Don't expect your social worker to ask you about your religious beliefs.
New research by a Baylor University professor shows that licensed clinical social workers (LCSWs), who account for the largest number of clinically trained helping professionals, believe that discussions about their clients' religion and spirituality can often lead to improved health and mental health, but practitioners are not integrating these conversations into their counseling sessions.
"It's that big elephant in the room," said Holly Oxhandler, Ph.D., assistant professor in Baylor's Diana R. Garland School of Social Work. "If we ignore it, we're ignoring a huge component of their lives that may be tied to the clinical issue."
Oxhandler worked with a team of researchers from the University of Houston. They surveyed 442 LCSWs across the United States for the study - "The Integration of Clients' Religion and Spirituality in Social Work Practice" - which is published in the latest edition of the journal Social Work.
The survey revealed that the vast majority of LCSWs, with more than 80 percent responding favorably on most of the survey items, have positive attitudes regarding the integration of their clients' religion and spirituality into their discussions; are confident in their abilities to assess and discuss their clients' beliefs; and find it feasible to do so. But they're not doing it.
"I'm still boggled by the fact that they are so disconnected between their views and their behaviors," Oxhandler said. "The fact that they're so confident in their abilities to do this - and they have such positive attitudes about it, and they don't see many barriers - yet they're not integrating it into practice."
Oxhandler offered a few possibilities for the disconnect, based on the survey, her research and her experience:
1. Both the practitioner and the client are willing to talk about religion and spirituality, but neither addresses it.
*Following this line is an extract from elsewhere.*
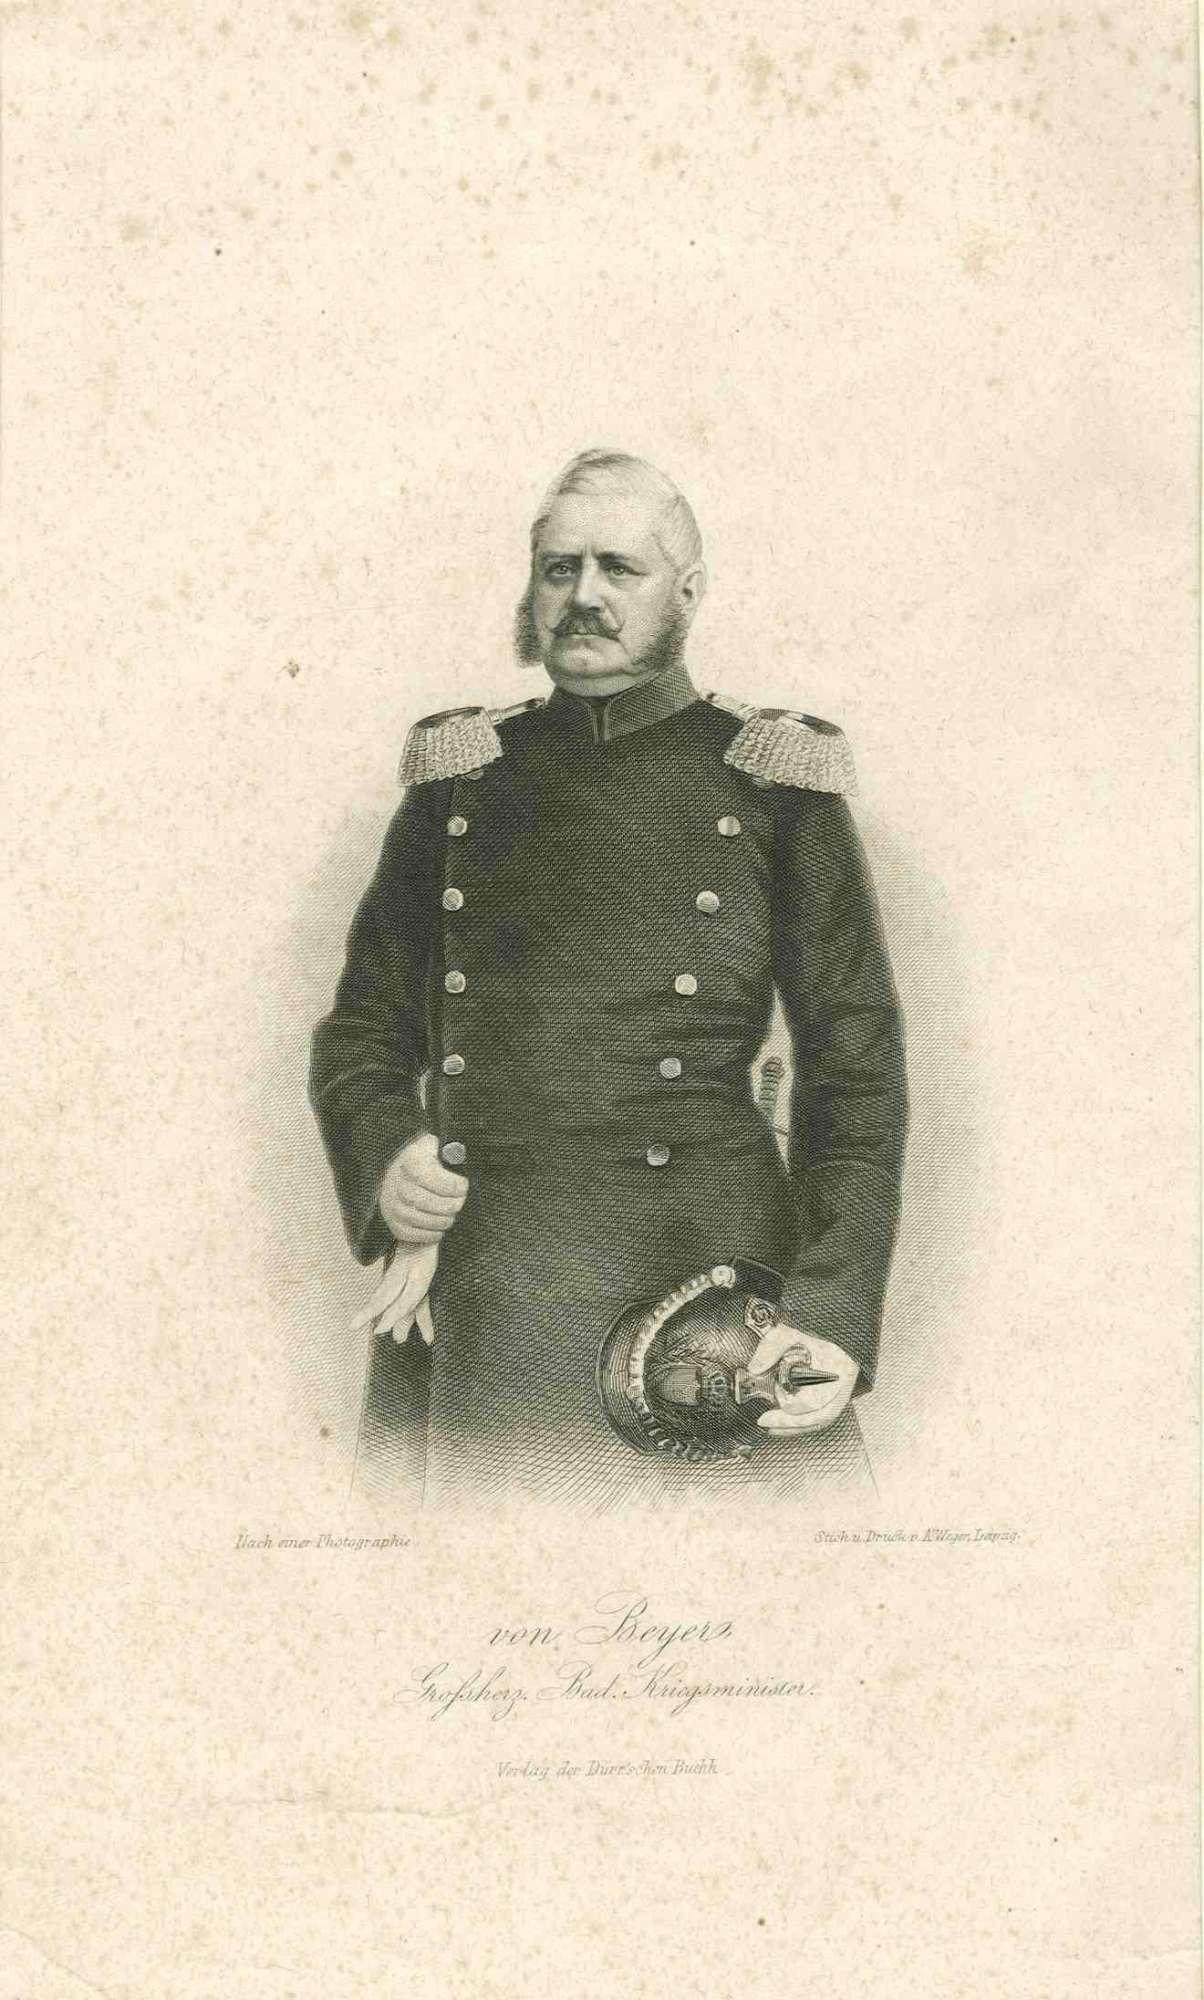 Gustav Friedrich von Beyer, preussischer General, Grossherzoglicher Badischer Kriegsminister, stehend in Uniform mit Pickelhaube, Brustbild in Halbprofil, Bild 1
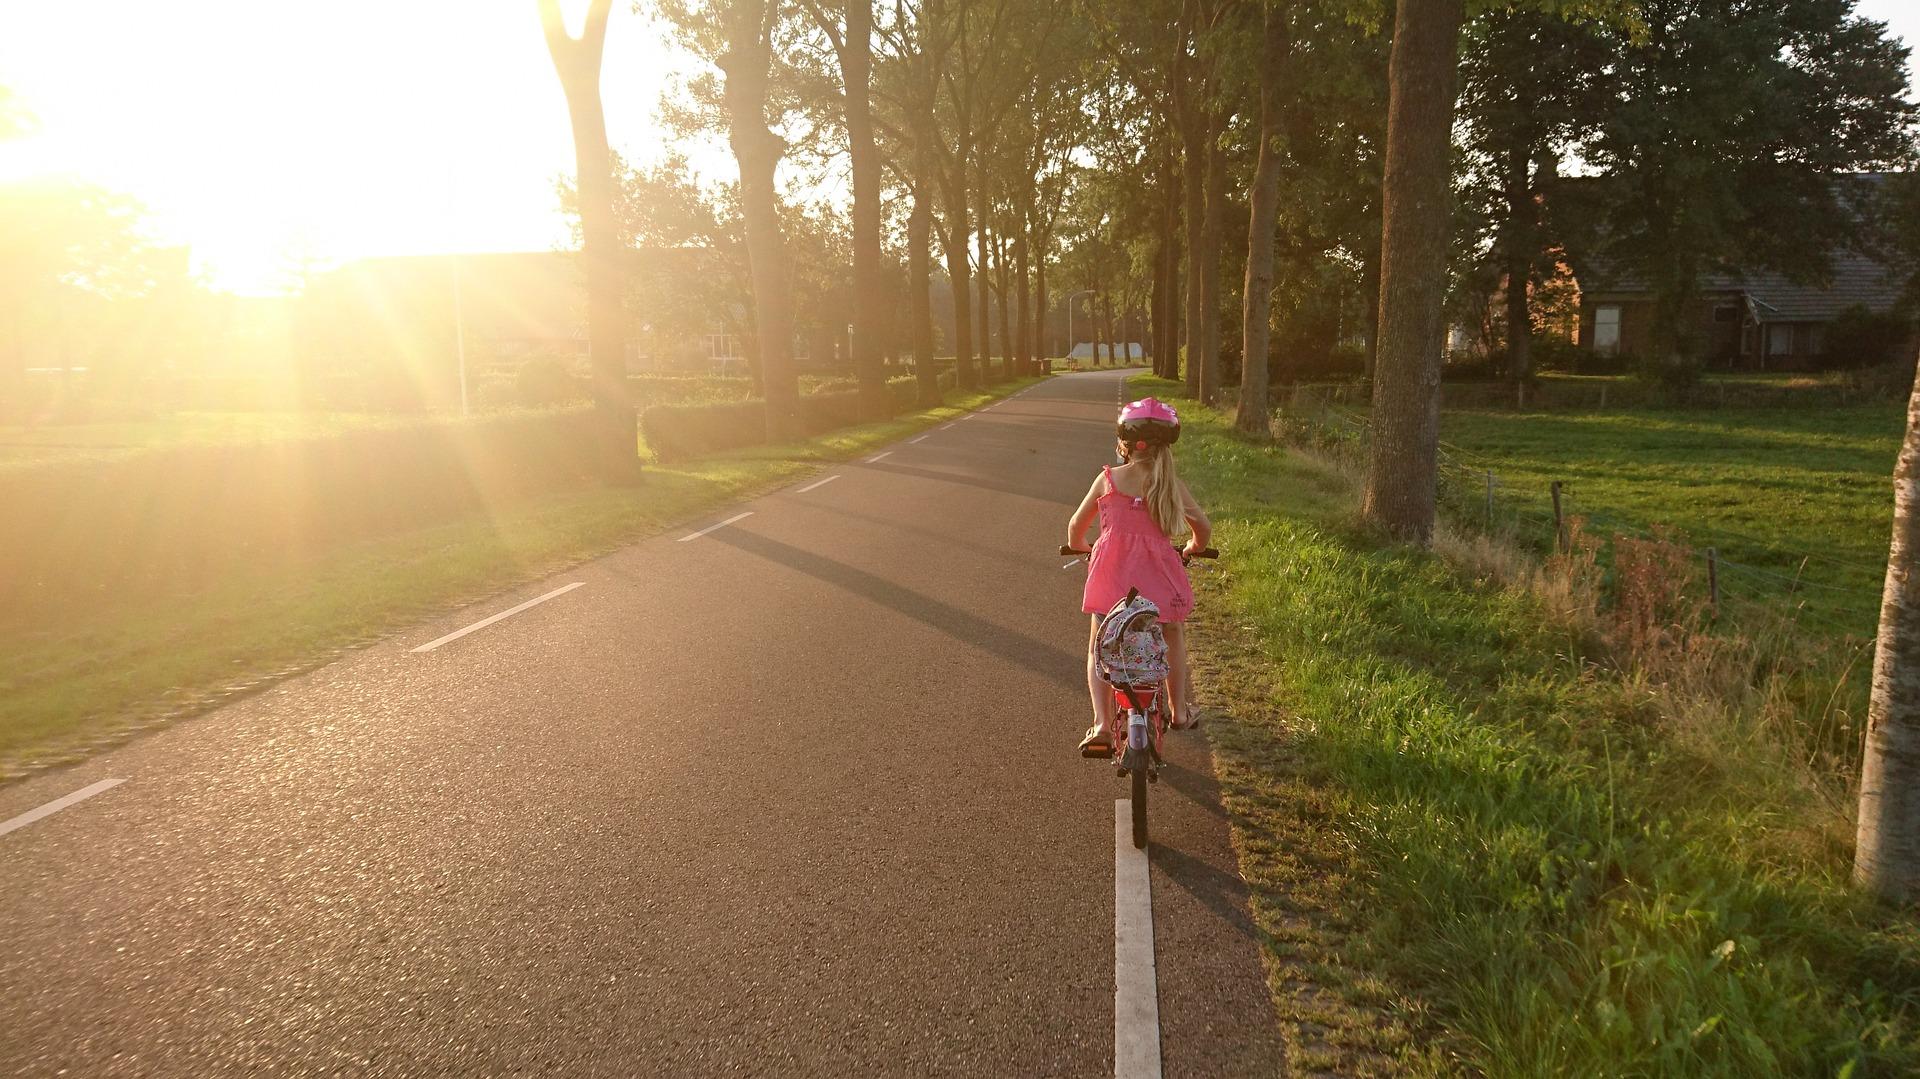 Kinderunfall: Schutzkleidung auf Rädern empfehlenswert

"Clients want to talk about it, but feel it's taboo, so they wait on the practitioner to bring it up. Practitioners are willing to talk about it if the client brings it up," she said.
2. Social work students are not being trained adequately in the integration of religion and spirituality.
Oxhandler explained that from the 1920s to the 1970s, there was a push for what's called the "medical model" of practice, which she said had no mention of religion or spirituality because there was no research to support the discussion about clients' faith and practice during that time.
"It wasn't until the 1980s when some researchers were saying, 'Well, it's kind of an important area of their clients' culture that we need to be considering in clinical practice,'" Oxhandler said.
Oxhandler said there also is some documentation of negativity around religion and spirituality in the classroom.
"Social work educators who maybe weren't trained in how to talk about clients' religion and spirituality, or have strong feelings against religion and spirituality, may come into the classroom, and if a student brings it up, they will shoot it down very fast and say, 'No, we don't talk about that in here,'" Oxhandler said. "They're sending very strong messages to the students. Then the students go off into clinical practice, and if clients bring it up, many times the students don't know what to say and reply, 'We don't talk about that in here.'"
3. LCSWs fear that they might be seen as proselytizing, or don't know how to talk about their clients' beliefs.
"We always have to be mindful and aware of what our beliefs are, but we need to bracket them and focus on where the client is and what their beliefs are," Oxhandler said. "This isn't about me. This isn't about my beliefs. This isn't about my religion. This is about the client and where they're coming from, their journey and how I can best identify areas of strength they can tap into and help them cope with the presenting issue, or areas of struggle that are tied to their belief system."
Oxhandler said the survey showed that those practitioners who were most willing to assess for and engage in the discussion of religion and spirituality were those who showed higher levels of intrinsic religiosity - the degree to which their religious or spiritual beliefs carry into all dealings of their lives.
It's important for social workers to be trained to learn about religions other than their own, she said.
"If you're a Christian social worker working in a medical setting and you have a Muslim client who's in the hospital, how do you know that she needs to be positioned a certain way within her room when she prays five times a day?" Oxhandler said. "If the patient is Jehovah's Witness, what is his medical treatment going to look like, compared to someone who doesn't have that belief system? Similarly, in a mental health setting, how can we tailor therapy to acknowledge the role, either positive or negative, that clients' religious or spiritual beliefs have in the presenting issue or life circumstance?"
Oxhandler said educators need to do a better job of training future social workers to engage in these conversations, ethically and effectively.
"It's important that we teach students how to do this from an evidence-based practice perspective, a perspective that really looks at what the research is saying about clients' religion and spirituality and what the research says about health and mental health outcomes," she said.